RAW DATA:
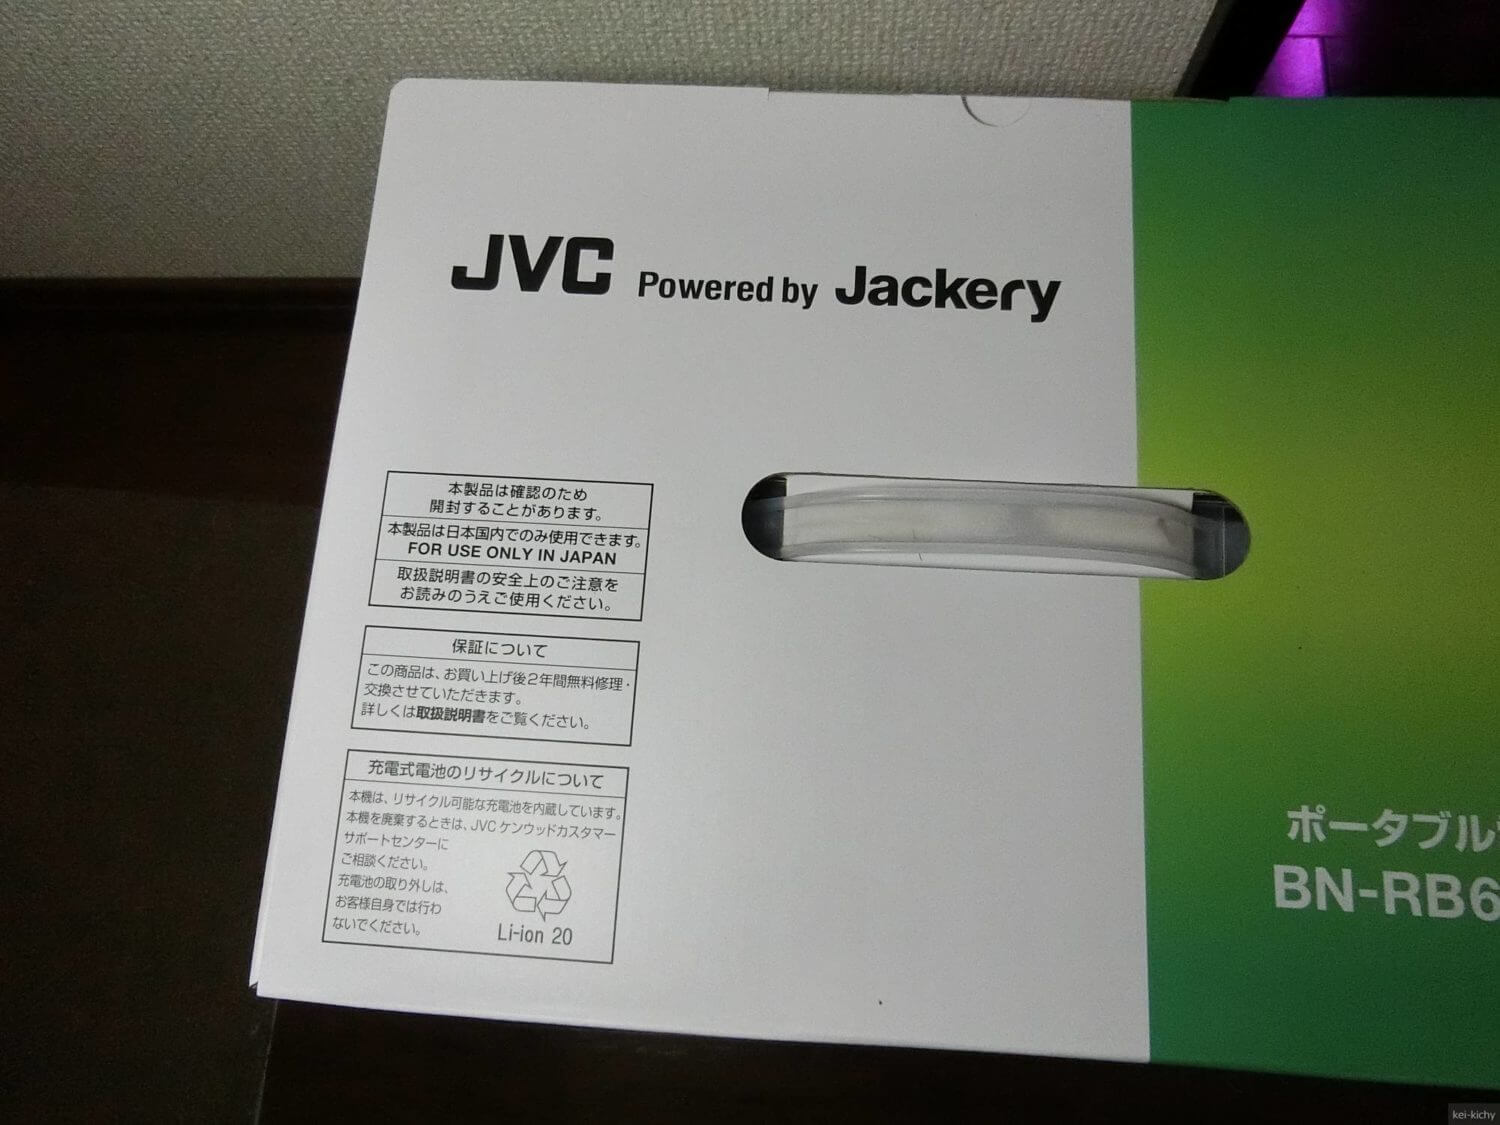 【災害用に】JVCケンウッド ポータブル電源BN-RB62-Cを購入
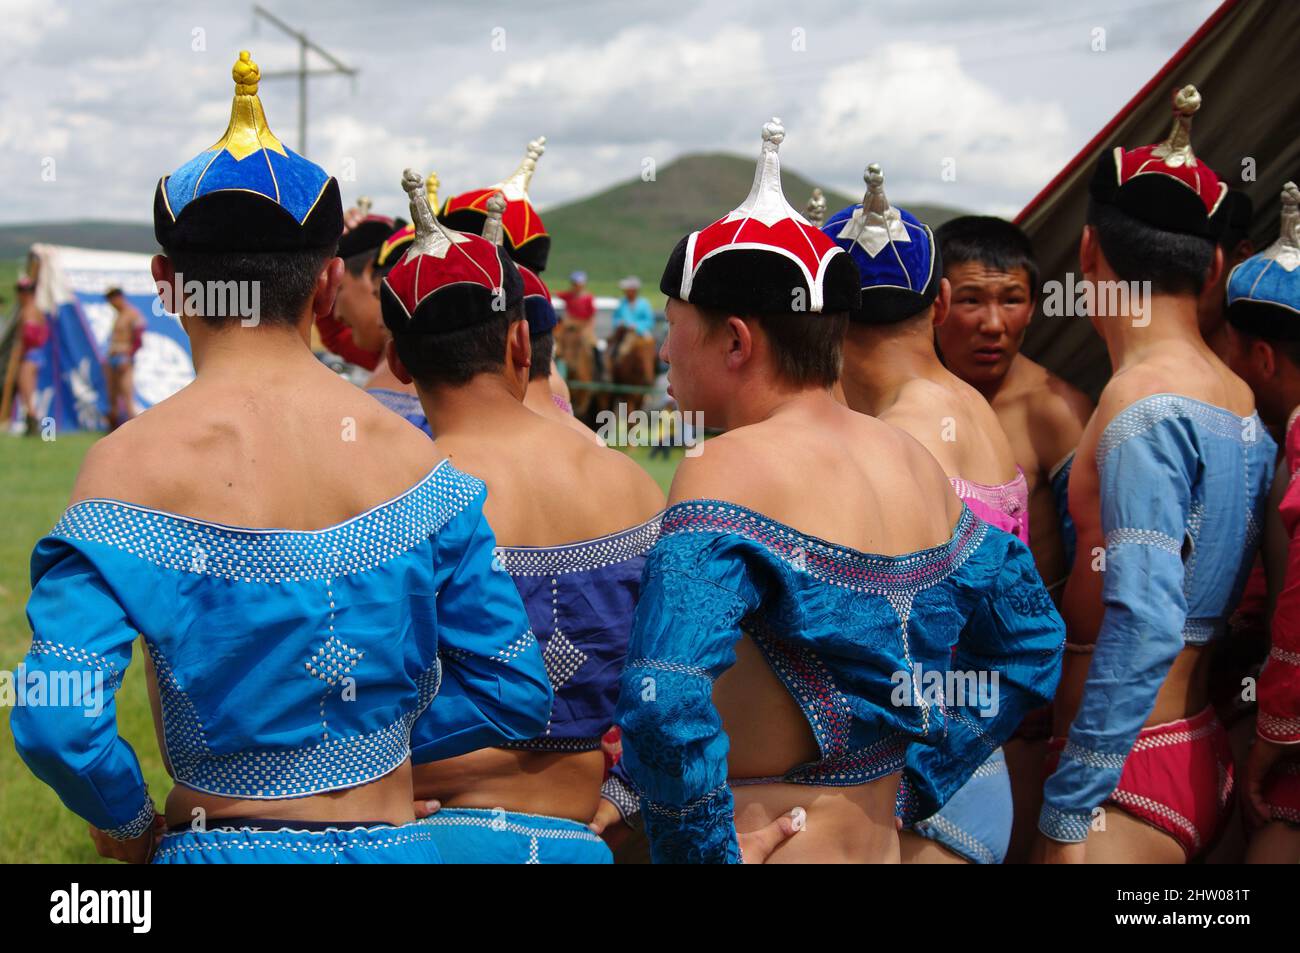 Lutte Mongole, Naadam, juillet jeux tradizionnels mongols, Mongolie, Asie Foto Stock
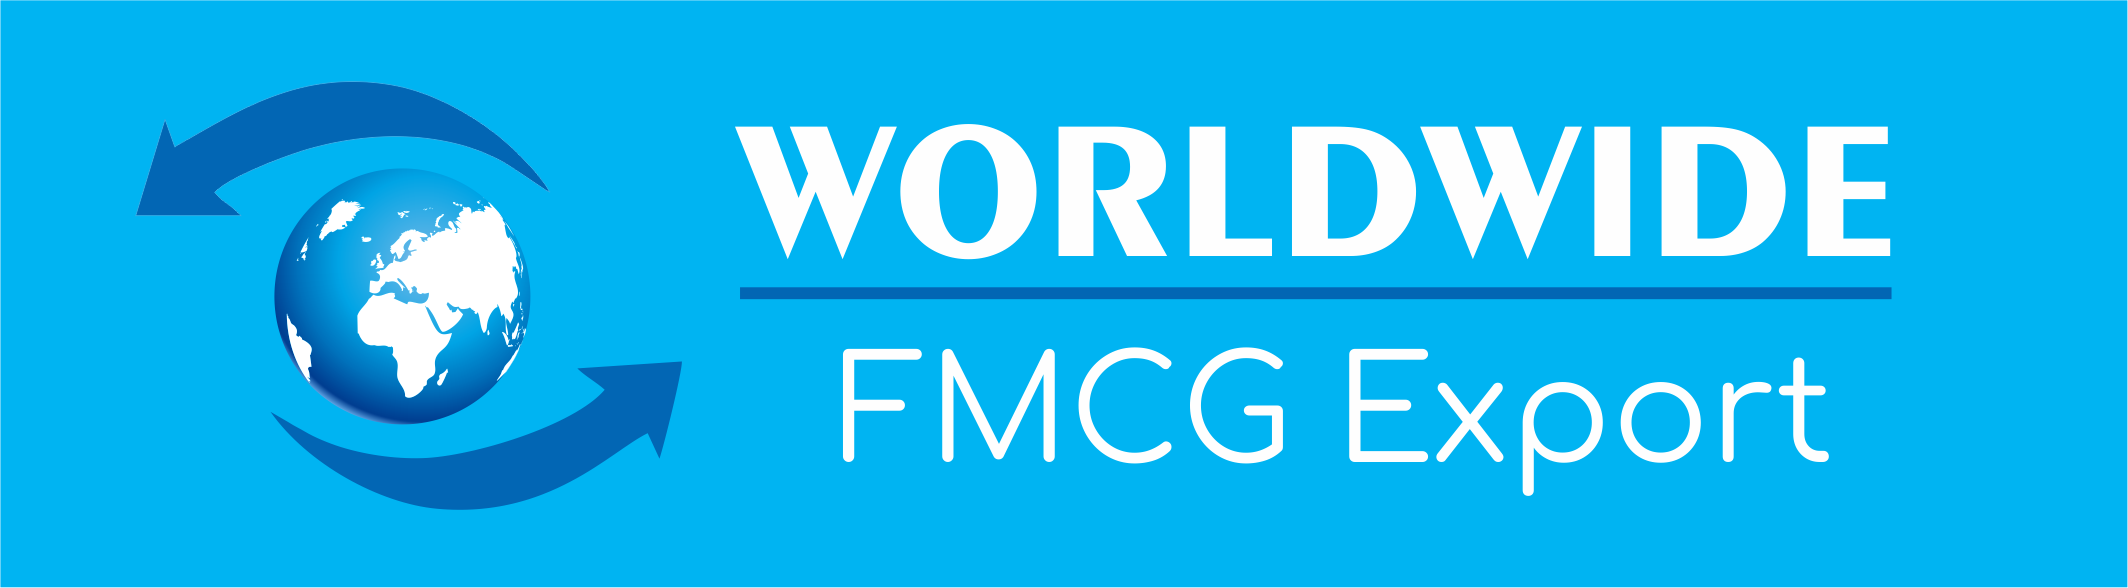 Worldwide FMCG Export
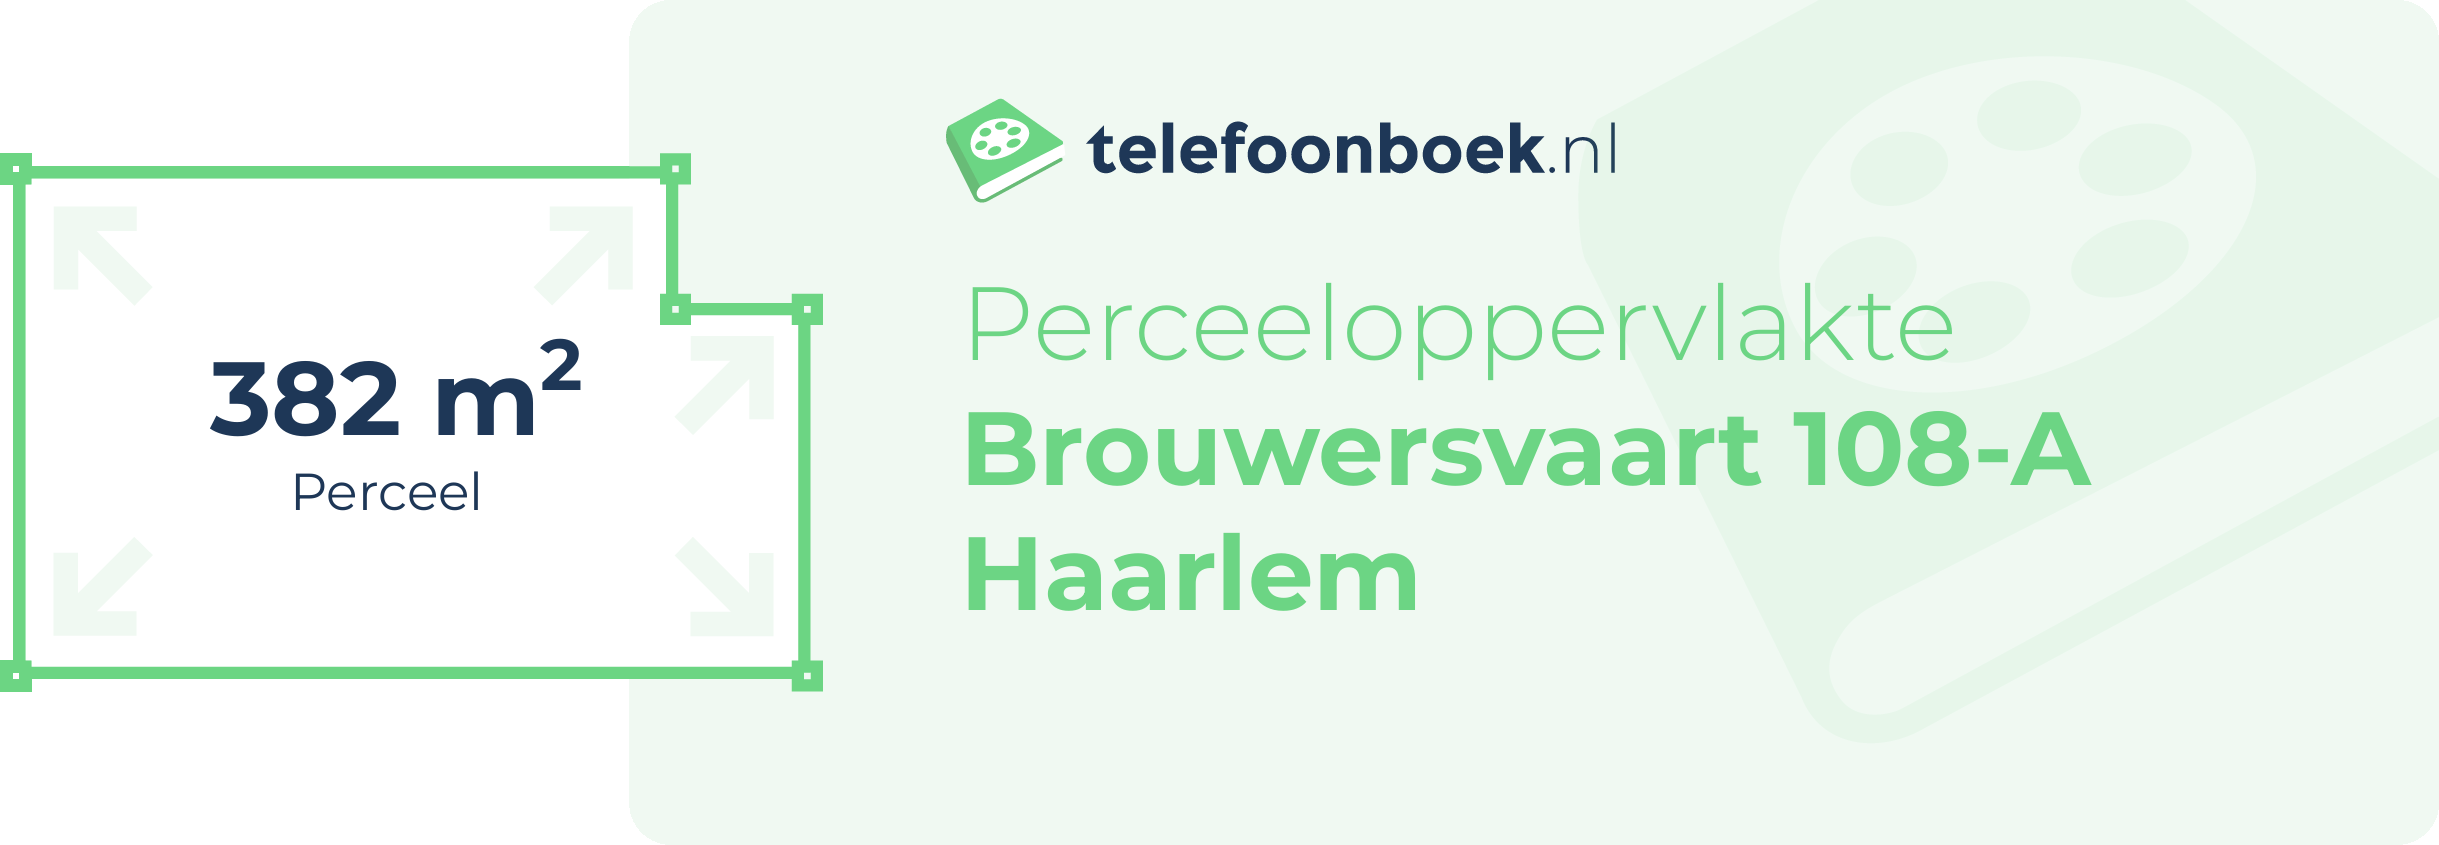 Perceeloppervlakte Brouwersvaart 108-A Haarlem

EXERCISE DESCRIPTION: The reply should repeat the listing above exactly and contain no pictures.

TASK SOLUTION:
 【災害用に】JVCケンウッド ポータブル電源BN-RB62-Cを購入
 Lutte Mongole, Naadam, juillet jeux tradizionnels mongols, Mongolie, Asie Foto Stock
 Worldwide FMCG Export
 Perceeloppervlakte Brouwersvaart 108-A Haarlem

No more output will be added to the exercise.